> WHAT THIS TASK INVOLVES
The expected answer is the data below, printed verbatim without its pictures.

----- DATA EXCERPT -----

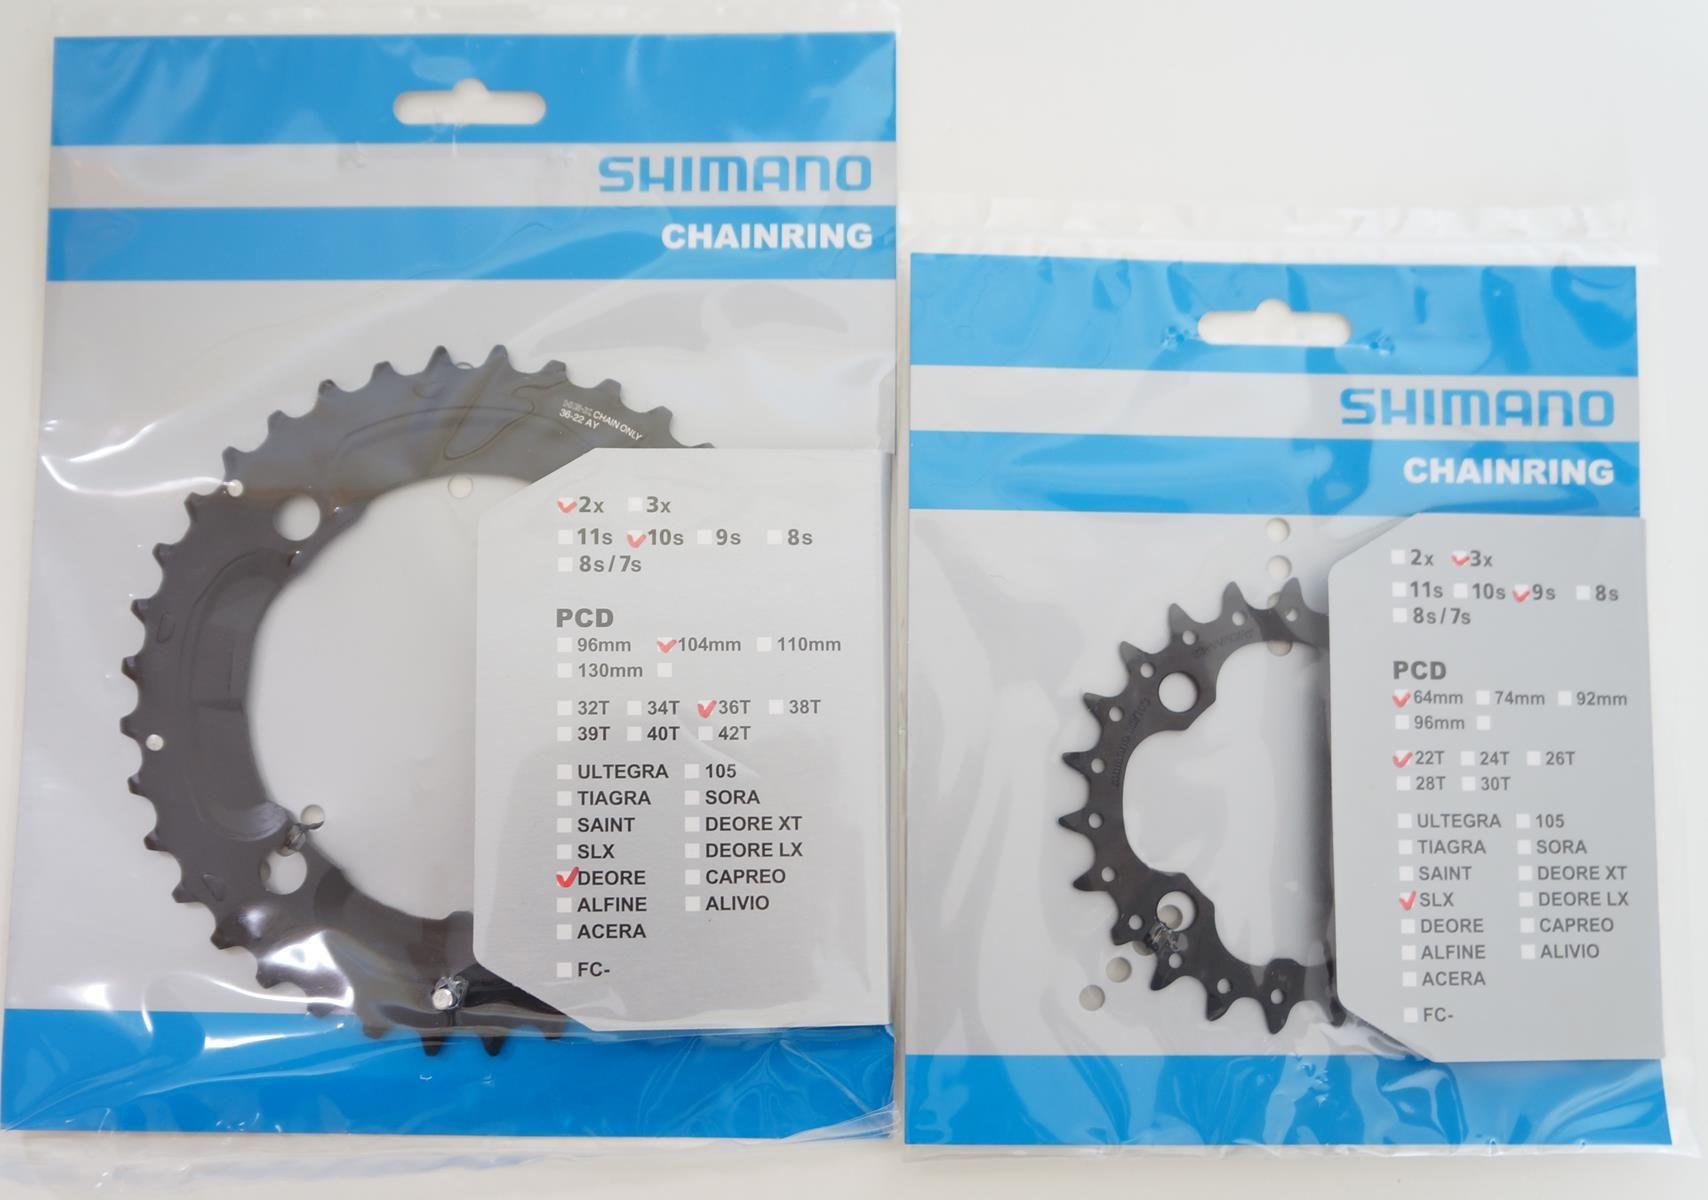 Coroas Dupla Mtb Shimano Deore M617 36 E 22t 2x10 Bcd 104-64mm 10 Velocidades
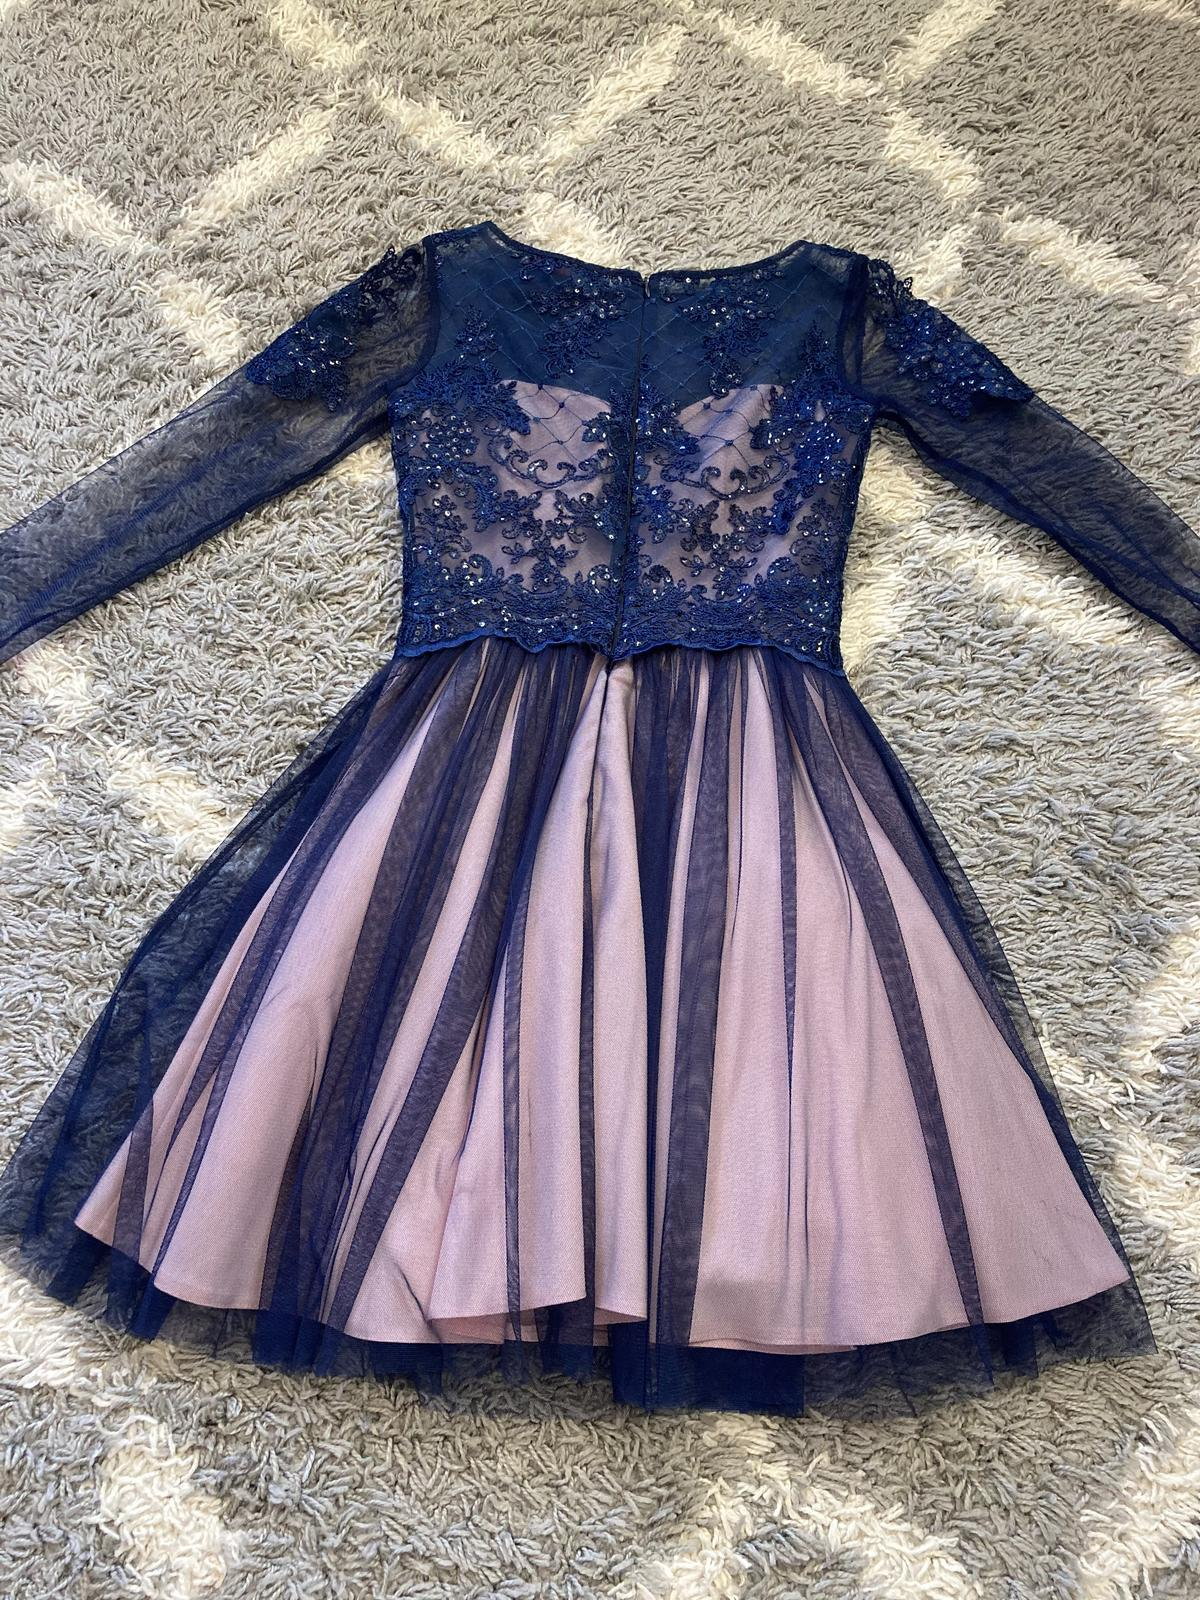 Elegantne šaty 36 - Obrázok č. 3
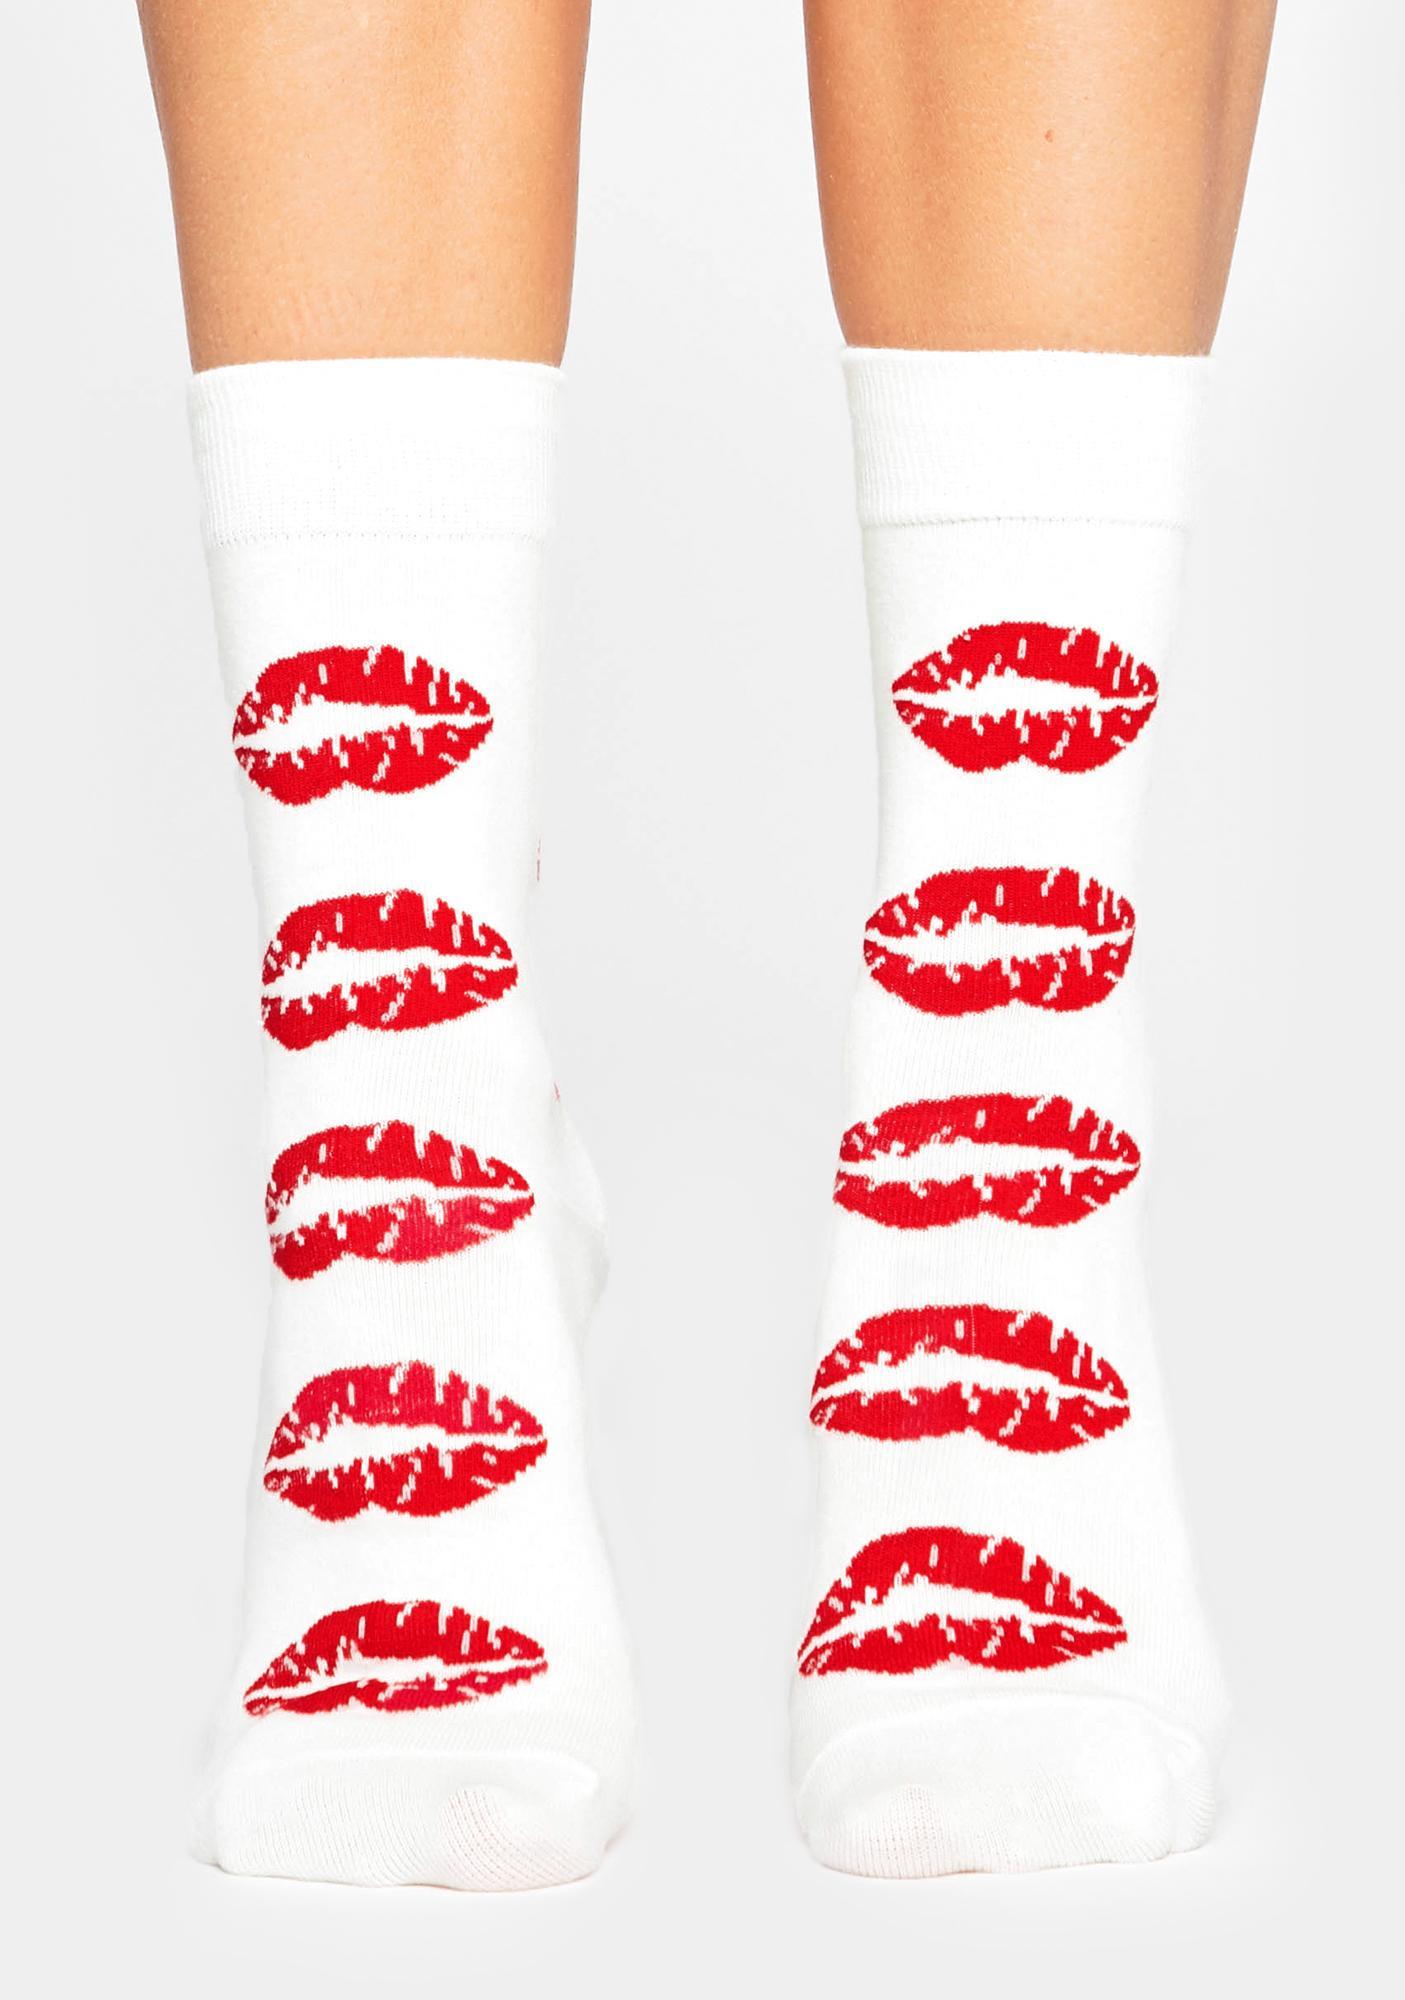 Makeout Sesh Crew Socks

-----

> RESULT FOR THIS TASK
 Coroas Dupla Mtb Shimano Deore M617 36 E 22t 2x10 Bcd 104-64mm 10 Velocidades
 Elegantne šaty 36 - Obrázok č. 3
 Makeout Sesh Crew Socks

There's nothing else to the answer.